Stopping criterion for regression error (MSE) on training data (-1 to
disable).

stopping_rounds

Early stopping based on convergence of stopping_metric.
Stop if simple moving average of length k of the stopping_metric does not improve
(by stopping_tolerance) for k=stopping_rounds scoring events.
Can only trigger after at least 2k scoring events. Use 0 to disable.

stopping_metric

Metric to use for convergence checking, only for _stopping_rounds > 0
Can be one of "AUTO", "deviance", "logloss", "MSE", "AUC", "r2", "misclassification", or "mean_per_class_error".

stopping_tolerance

Relative tolerance for metric-based stopping criterion (if relative
improvement is not at least this much, stop).

max_runtime_secs

Maximum allowed runtime in seconds for model training. Use 0 to disable.

quiet_mode

Enable quiet mode for less output to standard output.

max_confusion_matrix_size

Max. size (number of classes) for confusion matrices to be shown

max_hit_ratio_k

Max number (top K) of predictions to use for hit ratio computation (for
multi-class only, 0 to disable).

balance_classes

Balance training data class counts via over/under-sampling (for imbalanced
data).

class_sampling_factors

Desired over/under-sampling ratios per class (in lexicographic
order). If not specified, sampling factors will be automatically computed to obtain class
balance during training. Requires balance_classes.

max_after_balance_size

Maximum relative size of the training data after balancing class
counts (can be less than 1.0).

score_validation_sampling

Method used to sample validation dataset for scoring.

missing_values_handling

Handling of missing values. Either MeanImputation (default) or Skip.

diagnostics

Enable diagnostics for hidden layers.

variable_importances

Compute variable importances for input features (Gedeon method) - can
be slow for large networks.

fast_mode

Enable fast mode (minor approximations in back-propagation).

ignore_const_cols

Ignore constant columns (no information can be gained anyway).

force_load_balance

Force extra load balancing to increase training speed for small
datasets (to keep all cores busy).

replicate_training_data

Replicate the entire training dataset onto every node for faster
training.

single_node_mode

Run on a single node for fine-tuning of model parameters.

shuffle_training_data

Enable shuffling of training data (recommended if training data is
replicated and train_samples_per_iteration is close to $numRows*numNodes$.

sparse

Sparse data handling (more efficient for data with lots of 0 values).

col_major

Use a column major weight matrix for input layer.
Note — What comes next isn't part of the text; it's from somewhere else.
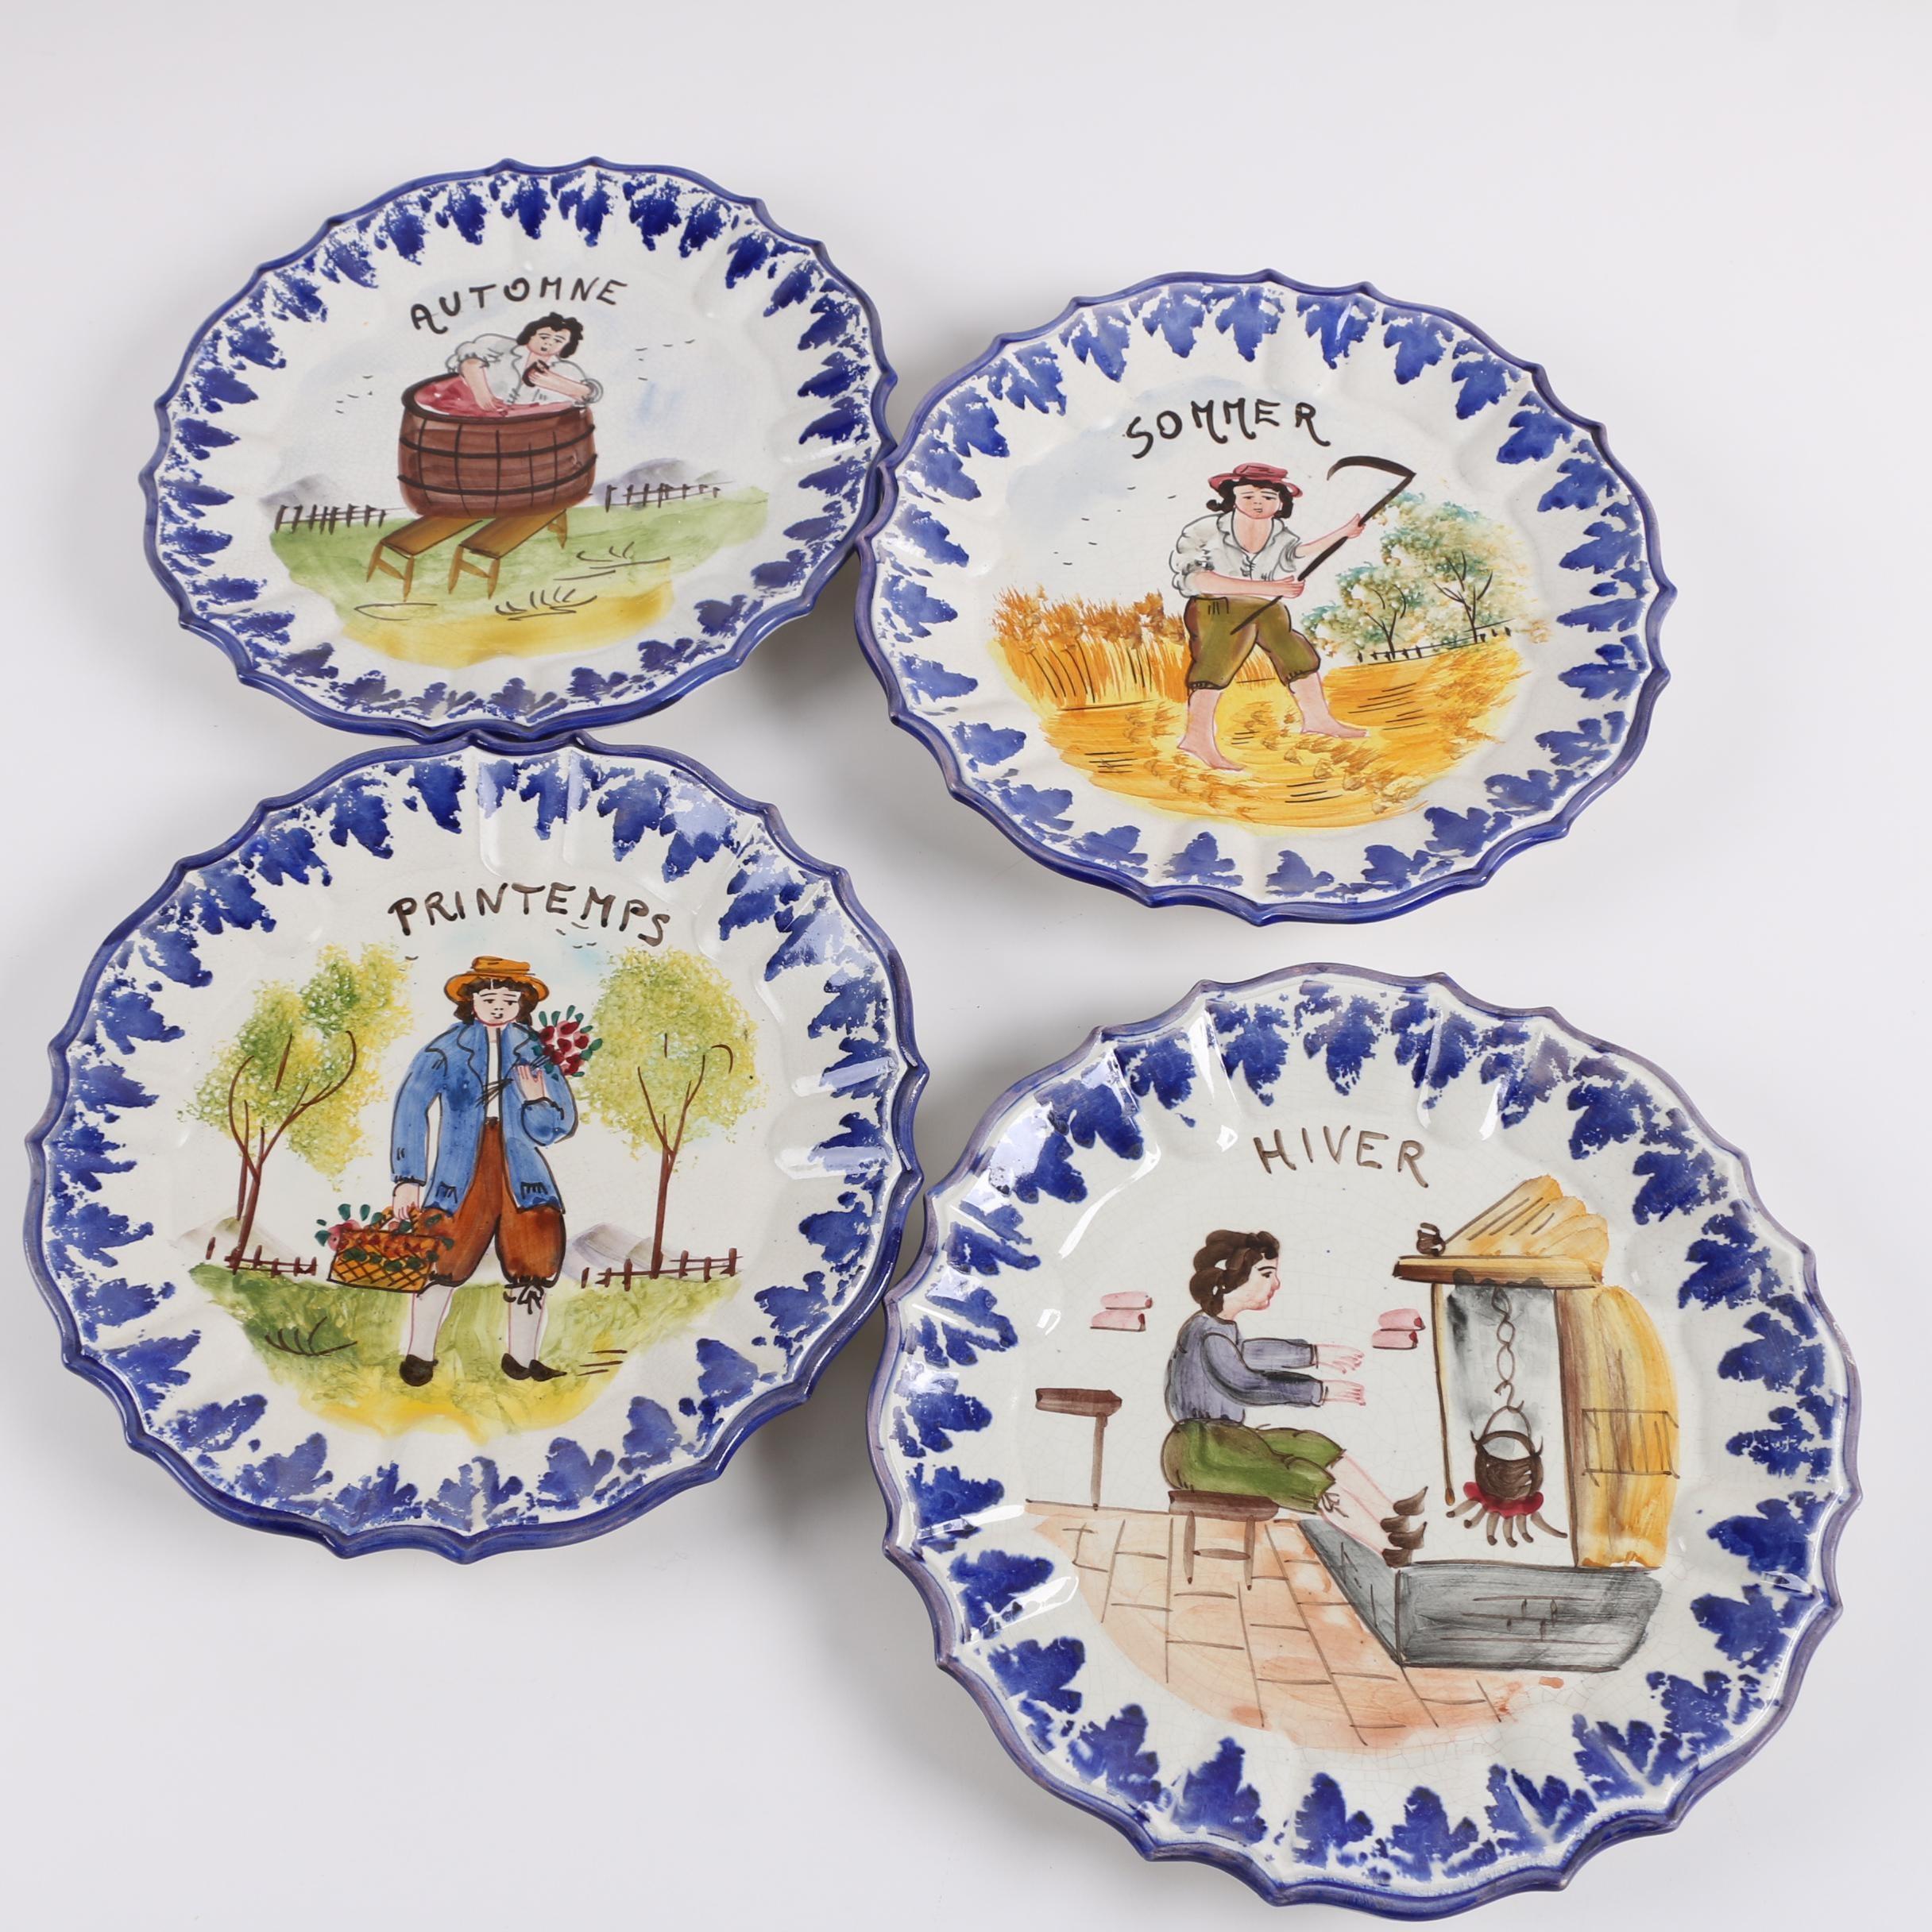 Italian Hand-Painted  Vecchia Bassano Ceramic Plates of the Four Seasons
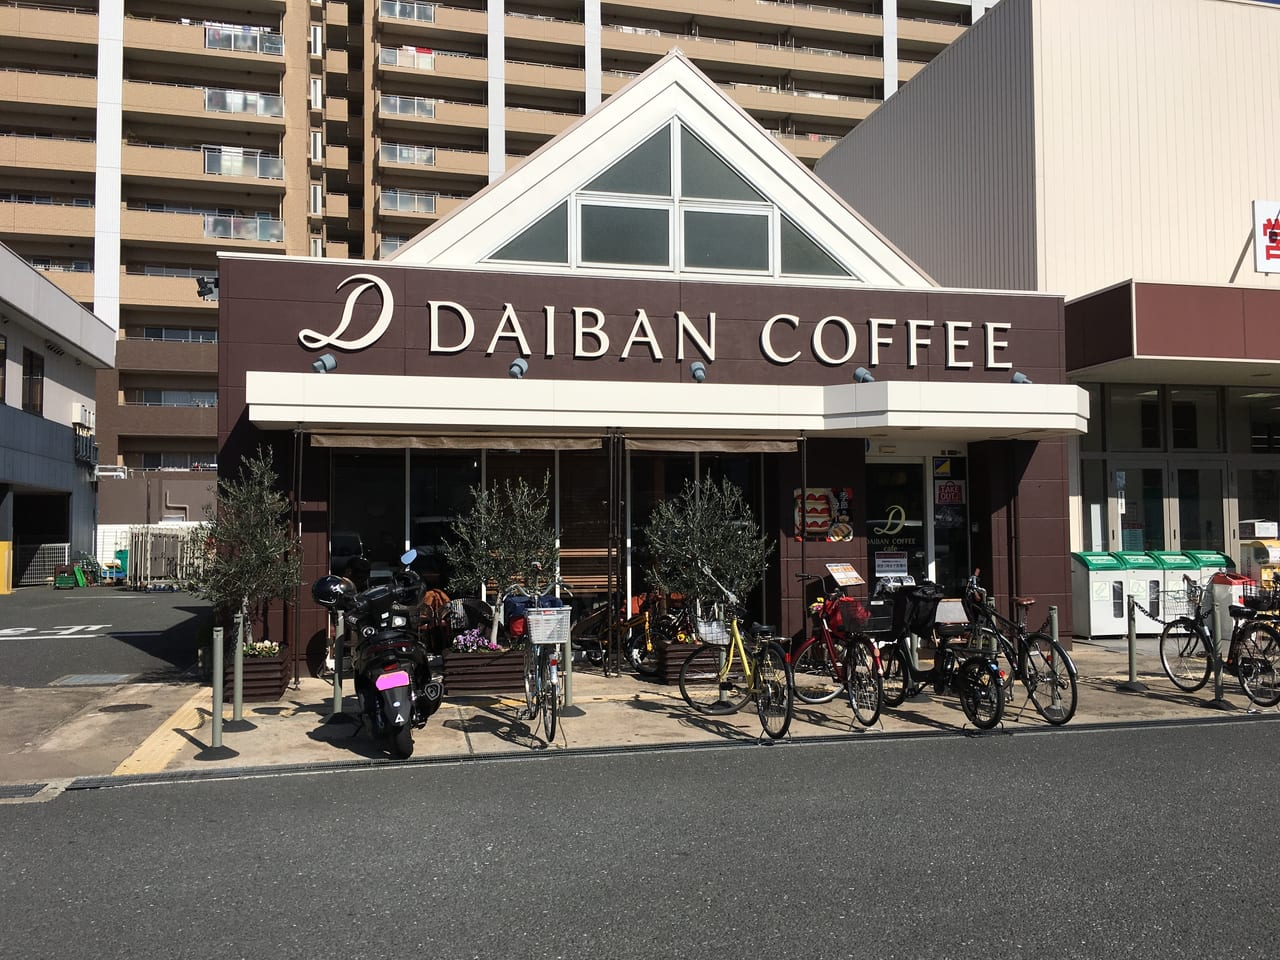 daibancoffe

Can speed up forward
propagation, but might slow down backpropagation (Experimental).

average_activation

Average activation for sparse auto-encoder (Experimental).

sparsity_beta

Sparsity regularization (Experimental).

max_categorical_features

Max. number of categorical features, enforced via hashing
Experimental).

reproducible

Force reproducibility on small data (requires setting the

`seed`

argument and this will be slow - only uses 1 thread).export_weights_and_biases

Whether to export Neural Network weights and biases to H2O.
Frames"

offset_column

Specify the offset column.

weights_column

Specify the weights column.

nfolds

(Optional) Number of folds for cross-validation.

fold_column

(Optional) Column with cross-validation fold index assignment per observation.

fold_assignment

Cross-validation fold assignment scheme, if fold_column is not
specified, must be "AUTO", "Random", "Modulo", or "Stratified". The Stratified option will
stratify the folds based on the response variable, for classification problems.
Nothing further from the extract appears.